I’m used to directing every little thing.

Or at least waiting until the last minute for it to be done.

I’ve always had this quiet anxiety in the back of my head about things that were her responsibility,

but that I could see her putting off till the last minute.

Sometimes they didn’t get done at all.

We spent this first 3 years of our relationship making sure that we didn’t overstep boundaries.

Those boundaries were drawn with red sharpie, keeping my problems and responsibilities separate from hers.

I didn’t realize how much I was emotionally dancing on her side,

while not saying anything.

Now, all of the things are being done.

Household tasks are handled without my input,

or at the very least, without any hesitation.
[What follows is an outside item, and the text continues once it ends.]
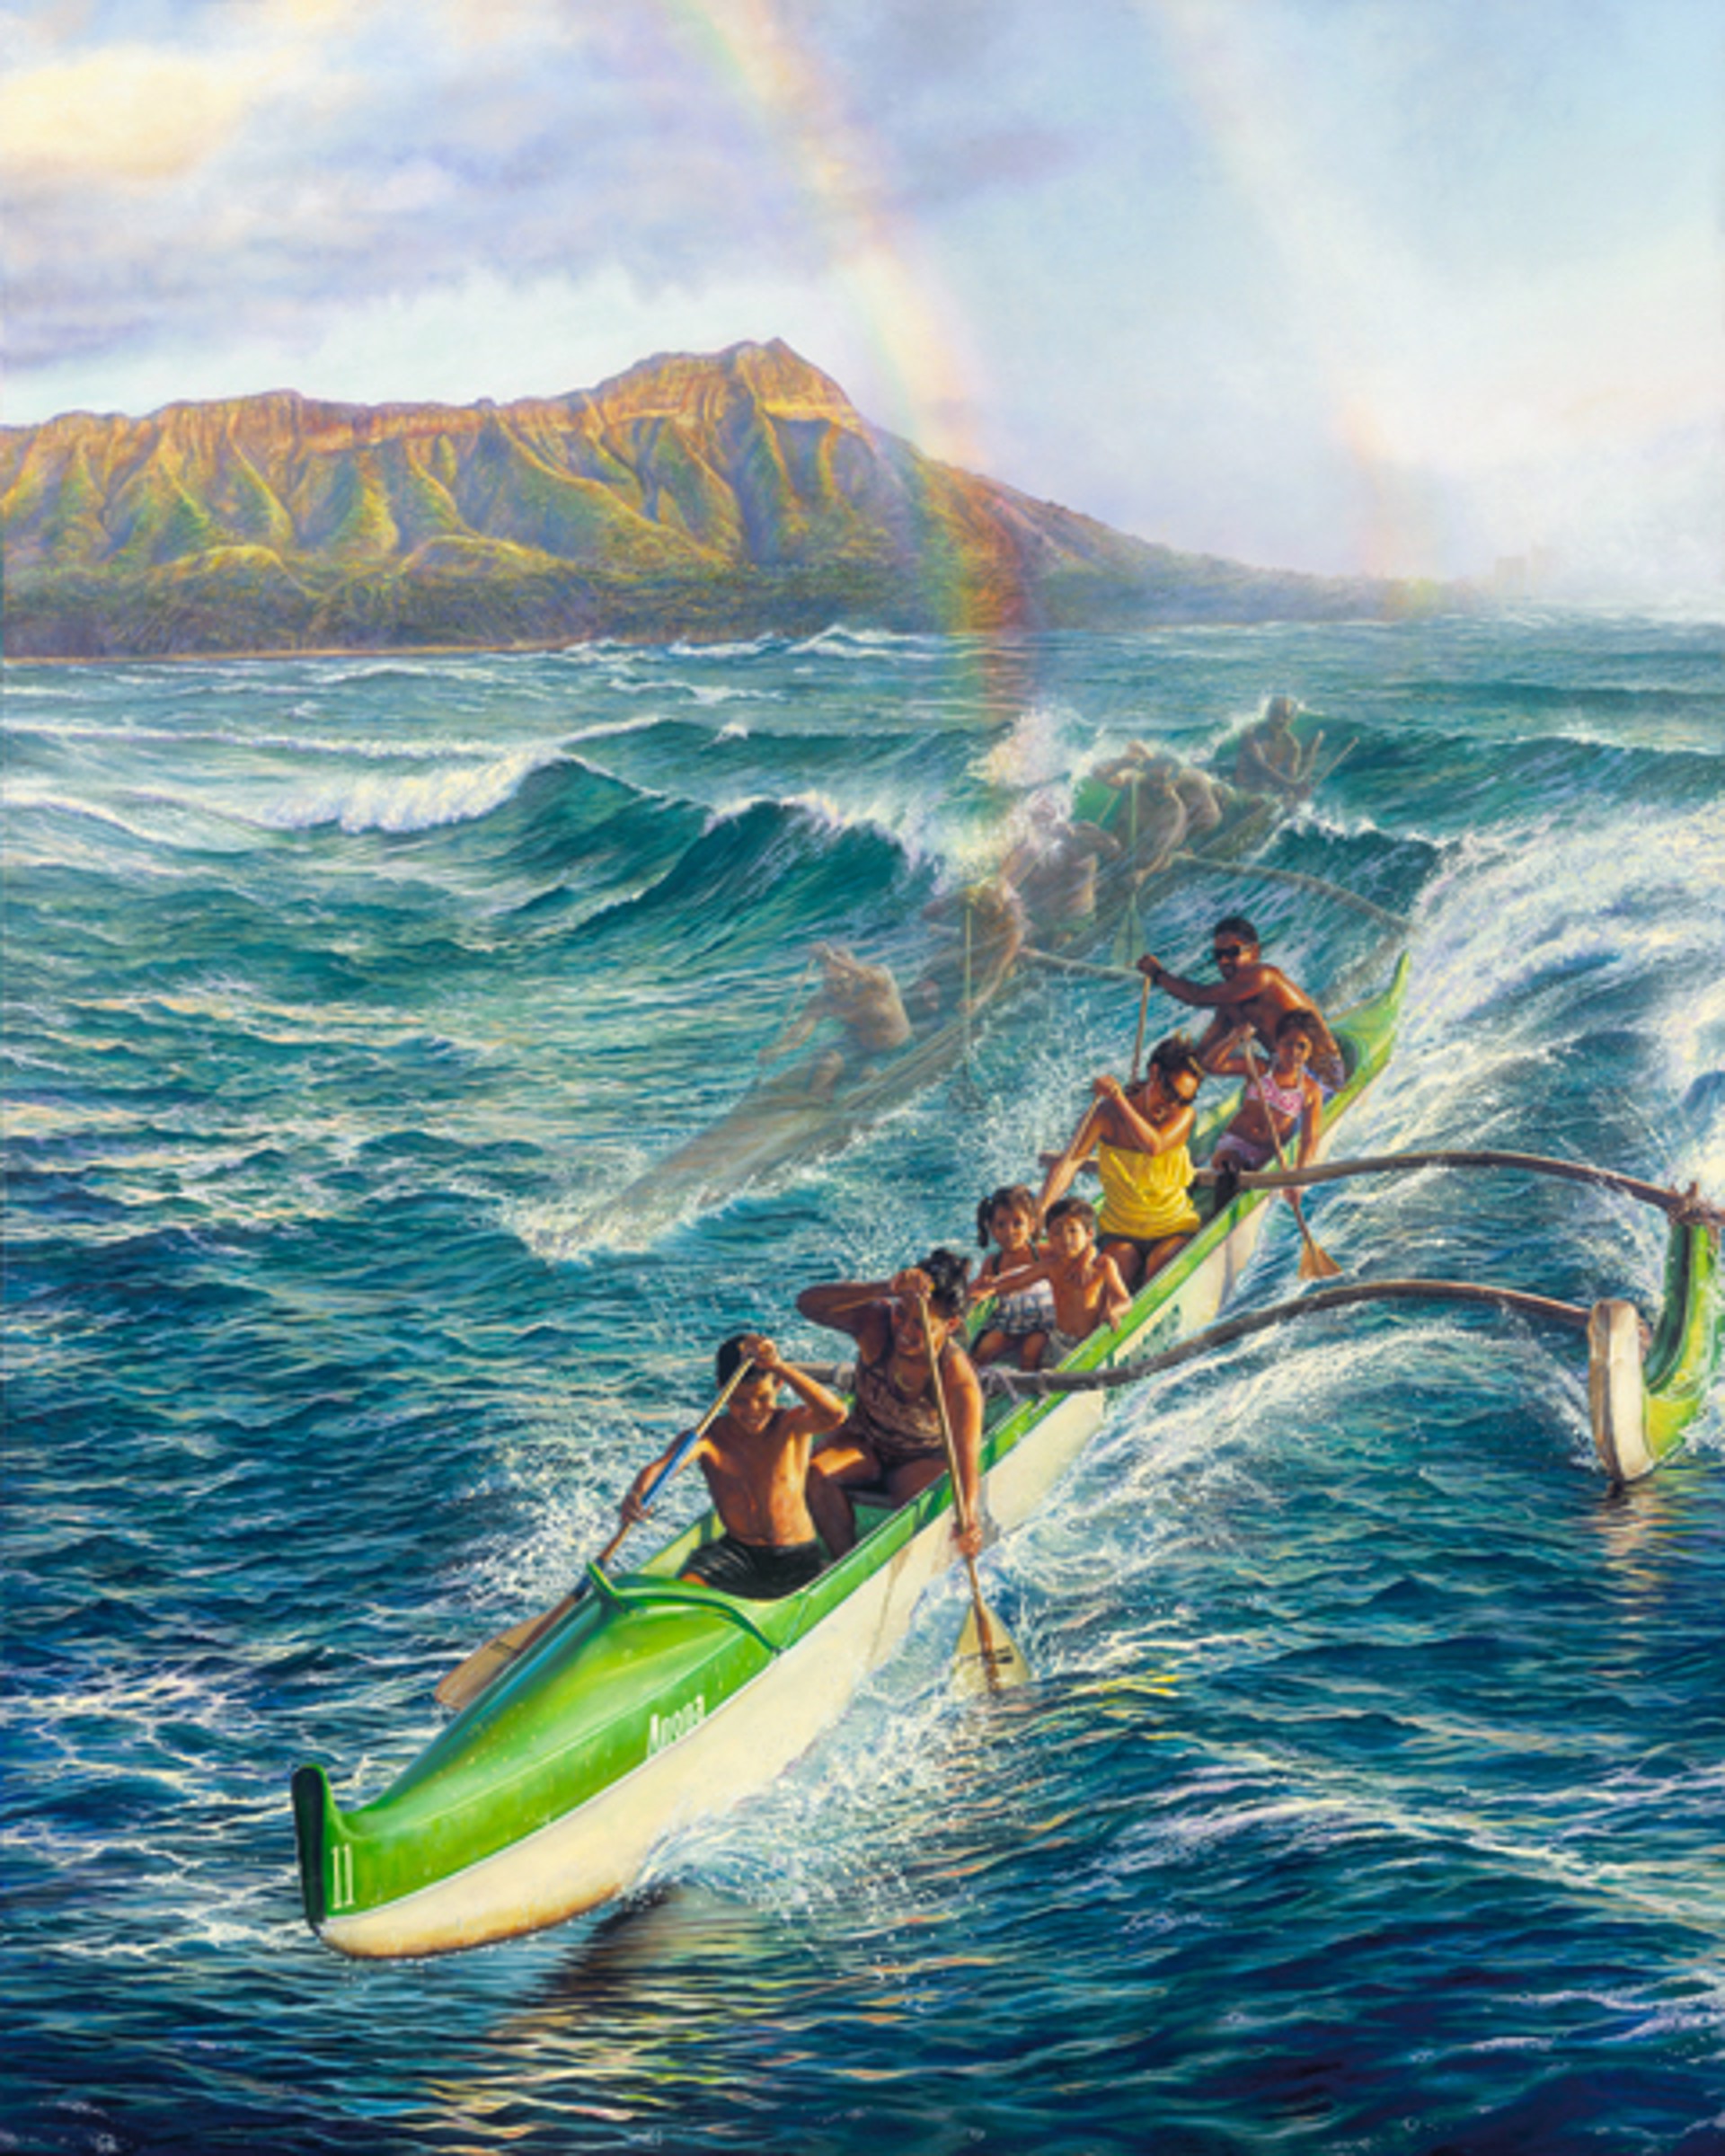 Surfing Canoes - Ke Ano'ano o ke 'Anuenue (AP) by Leohone Magno

She’s working through her own paperwork and logistical stuff,

only asking for my input when it is needed.

And it’s strange for me.

In every relationship we have roles that we play,

and often those roles are comfortable, even if they are dysfunctional.

Our roles are changing.

Change is hard, even if it’s good.

We, as individuals,

and also as a couple,

are unfinished projects.

Over time things are going to change and become more clear.

There is no final picture.

We will keep adding to it,

going back and removing stitches that aren’t quite right,

incorporating new colors.

Each time there is anxiety as we wonder what the next version of the picture will look like.

We are not the same people we were during those first conversations on the internet.

That’s a really good thing.

But learning, and relearning each other is a process,

one that will hopefully be repeated many times over the years.

Change is hard and uncomfortable,

even when it’s positive.

Discomfort is part of growing.

It’s just a matter of learning to sit with it.